Foto oleh Matthias Zomer dari Pexels

“Rasa ingin tahunya yang tinggi membuatnya melongokkan matanya mendekat ke permukaan lubang. Hingga Emil melihat ada sesuatu yang bergerak menggeliat-liat di dalam lubang. Emil menjadi semakin penasaran dibuatnya.”

Emil menopang dagu di balik jendela rumahnya. Matanya melihat ke arah luar dan wajahnya tampak murung. Ya, sudah beberapa hari ini hujan deras selalu turun setiap jam satu siang. Itu membuat Emil sedikit kesal karena waktu bermainnya jadi semakin singkat.

Sudah lebih daru satu tahun ini Emil hanya bermain bersama Agra, tetangga samping rumahnya. Emil dan Agra bermain setelah jadwal sekolah daringnya berakhir. Tugas daringnya masih belum terlalu sulit karena mereka masih duduk di bangku kelas dua Sekolah Dasar. Biasanya Emil atau Agra langsung secepat kilat mengambil bola dan memainkannya di jalan beton depan rumah yang lengang selepas kelas daring selesai.

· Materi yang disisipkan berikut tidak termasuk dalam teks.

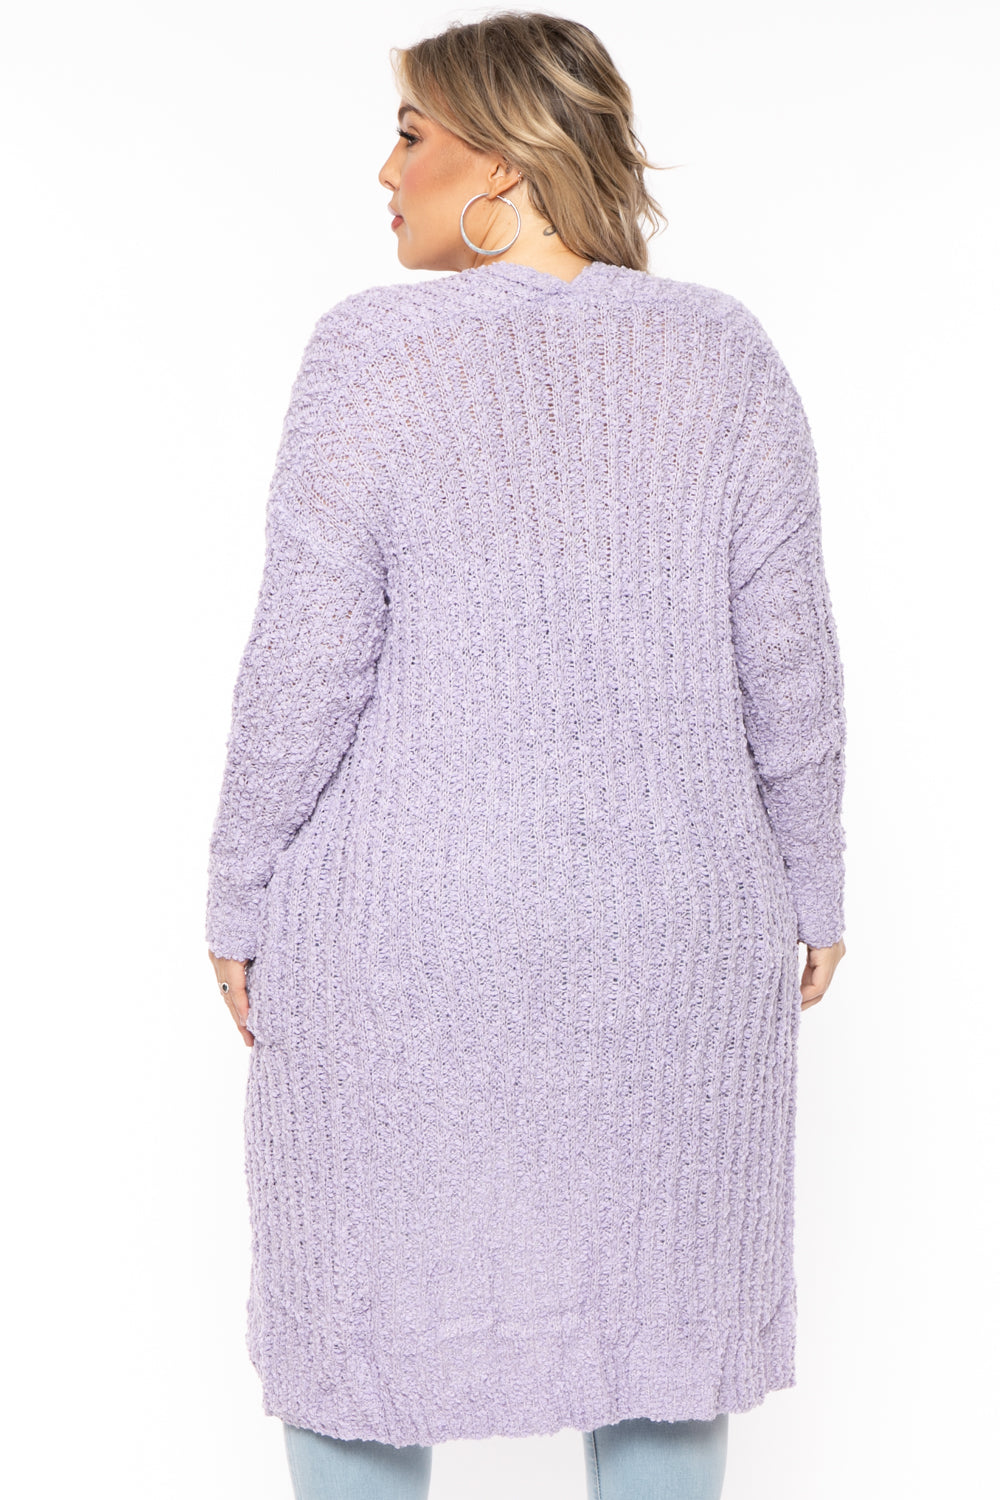 Lavender Purple Cableknit Sweater Leggings

Pandemi yang belum usai ini membuat mereka tidak terlalu bisa bermain jauh, juga tak bisa membuat mereka bermain dengan teman-teman yang lain secara bebas seperti dulu. Banyak teman-temannya yang terpaksa tidak bisa bermain keluar rumah. Sudah begitu hujan sekarang sering turun, membuat Emil hanya bisa menghabiskan waktu di dalam rumah dan bertopang dagu. Persis seperti saat ini.

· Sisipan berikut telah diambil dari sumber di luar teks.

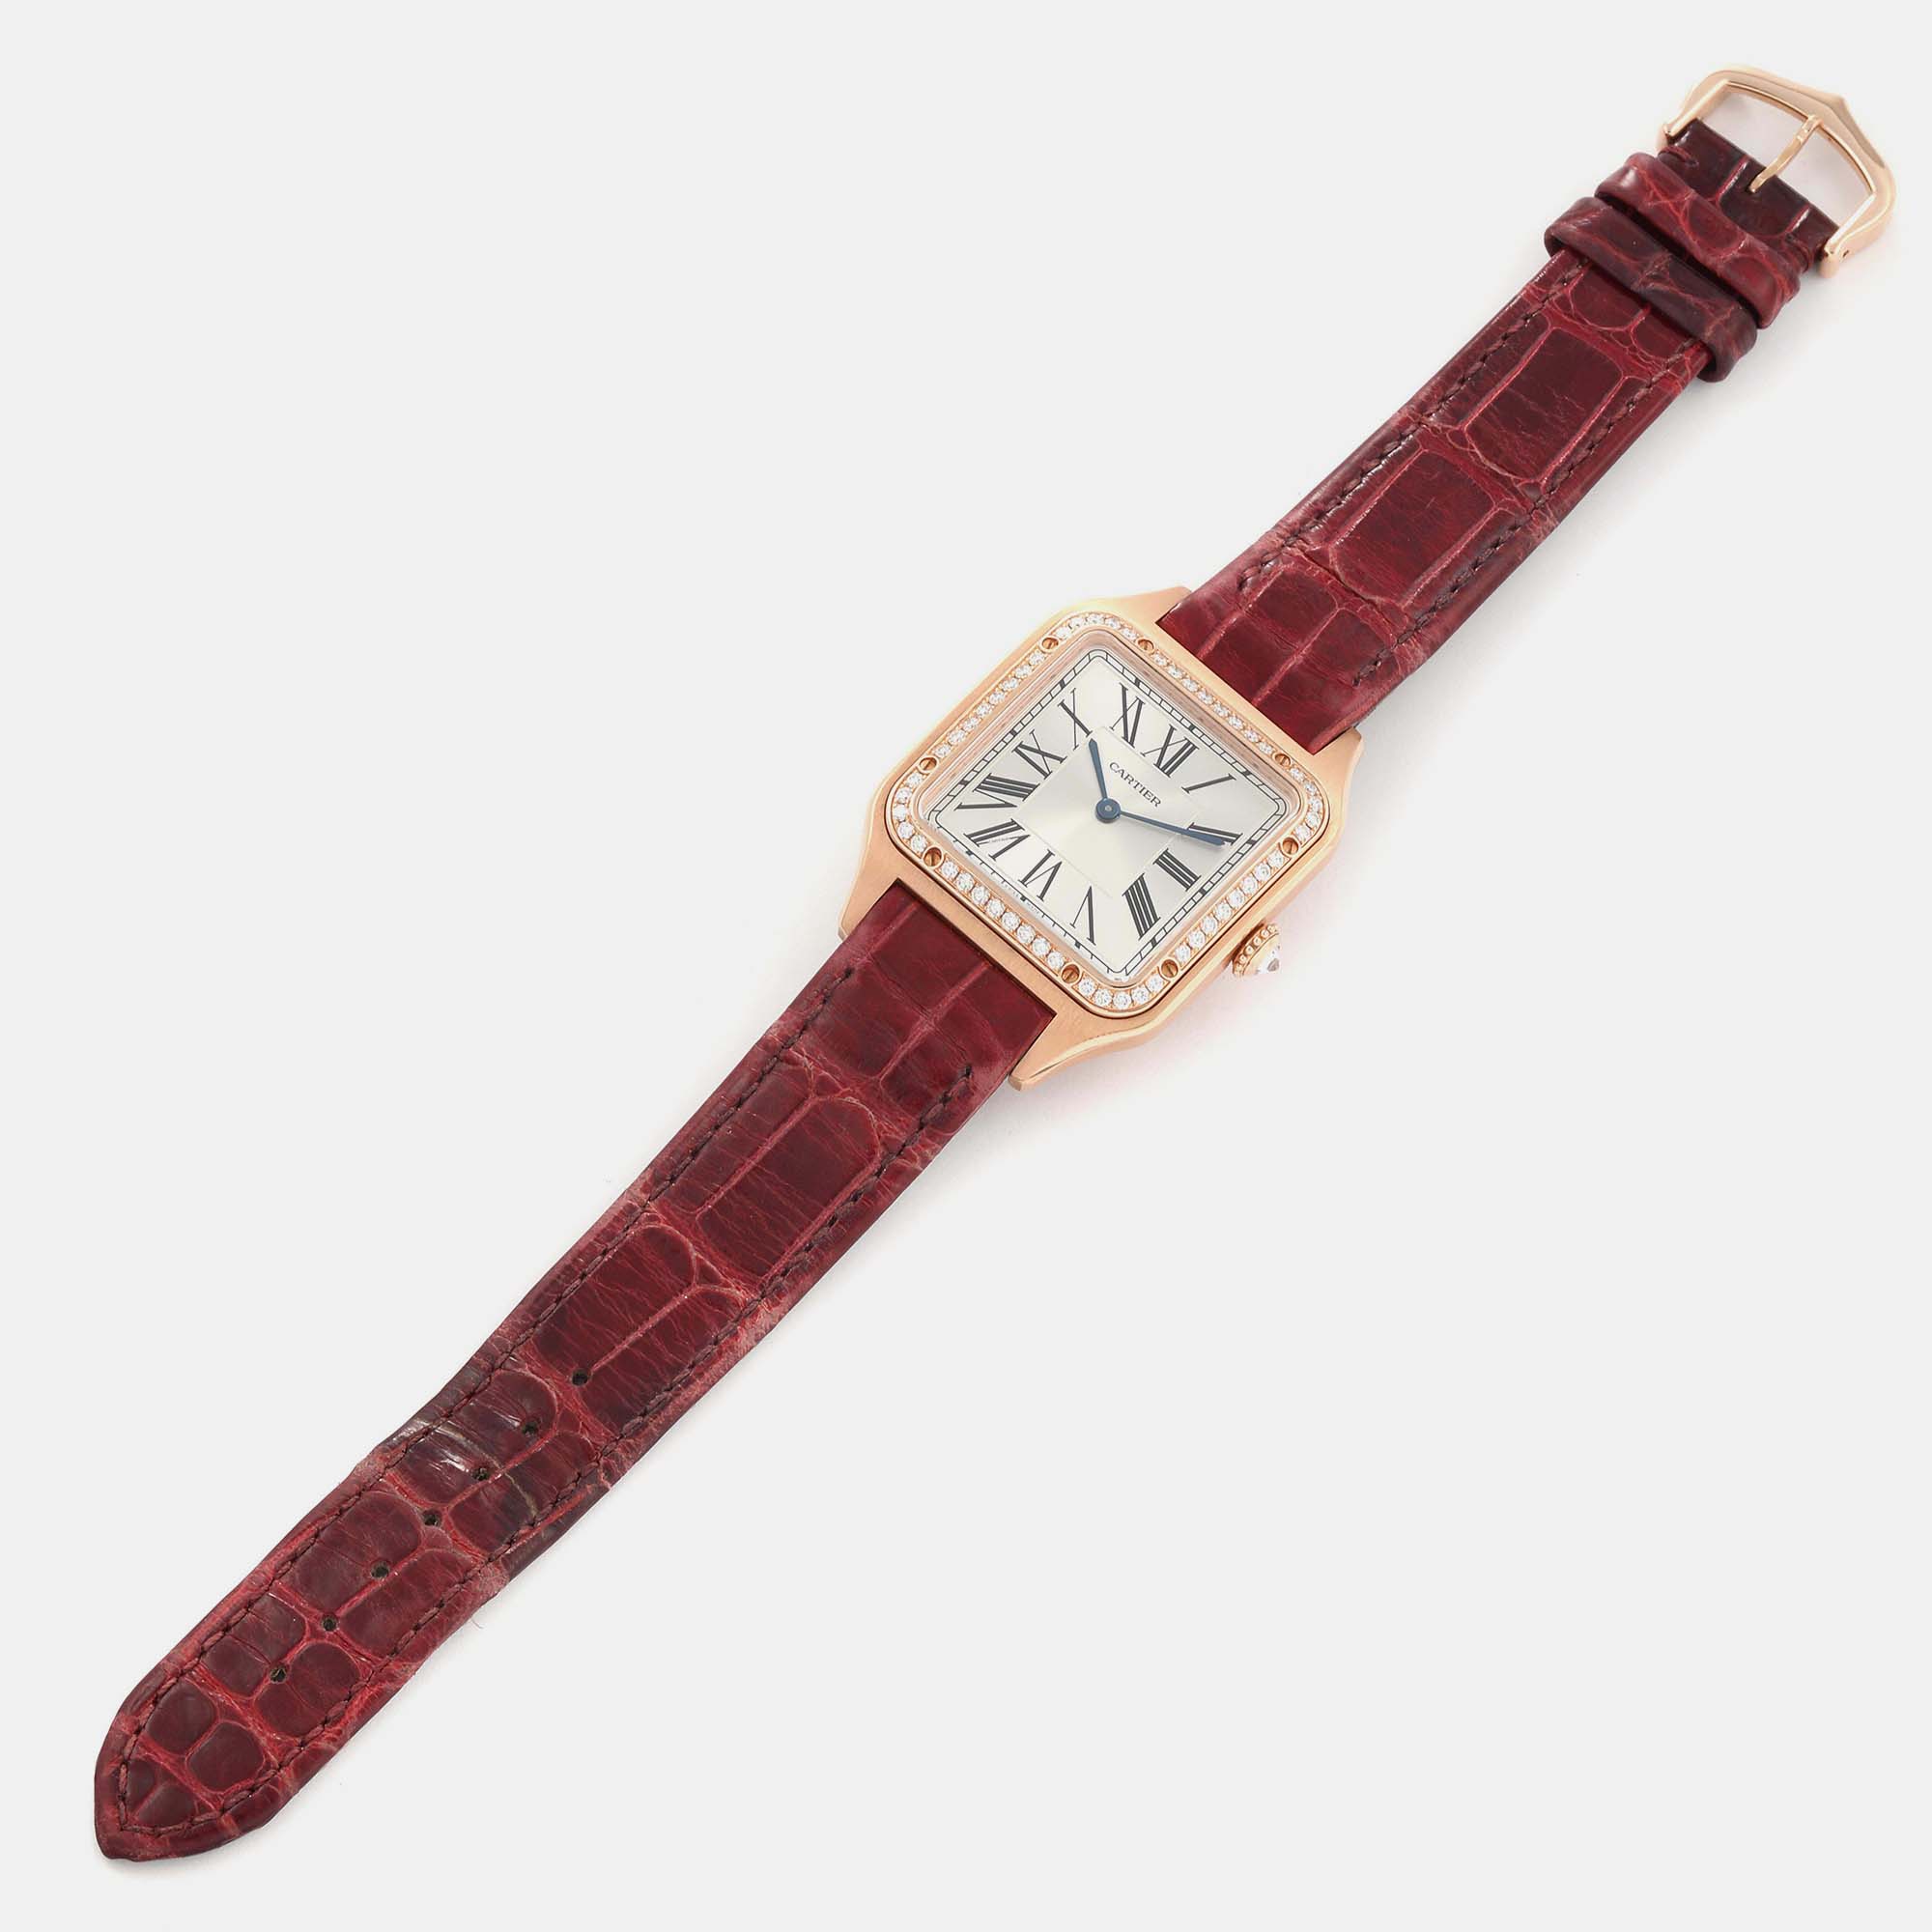 Cartier Santos Dumont Diamond Bezel Rose Gold Ladies Watch WJSA0016 43.5 X 31.4 Mm

“Lho, sup jagungnya kok belum dimakan, Mil?” Ibu mengagetkan Emil yang melamun.

“Emil bosan, Bu,” keluhnya.

Ibu mendekati Emil dan mengusap-usap lembut rambutnya. “Nanti kalau hujan sudah reda, Ibu ijinkan kamu jalan-jalan sebentar ke luar.”

“Wah, asyiiik! Aku boleh main dengan Agra, Bu? Nanti kami mau lihat apa kami bisa bertemu dengan kecebong-kecebong kecil di parit depan rumah.” Emil tampak antusias.

“Ibu dengar dari mamanya Agra, mereka sekeluarga sedang pergi mengunjungi kakek neneknya di Solo. Kelihatannya, Agra akan beberapa hari menginap di sana, Mil. Sejak pandemi ini, Agra kan belum menengok kakek neneknya. Mungkin Agra sudah sangat rindu dengan kakek neneknya.”

“Tapi, bukannya kita sedang tidak boleh pergi jauh-jauh, Bu?”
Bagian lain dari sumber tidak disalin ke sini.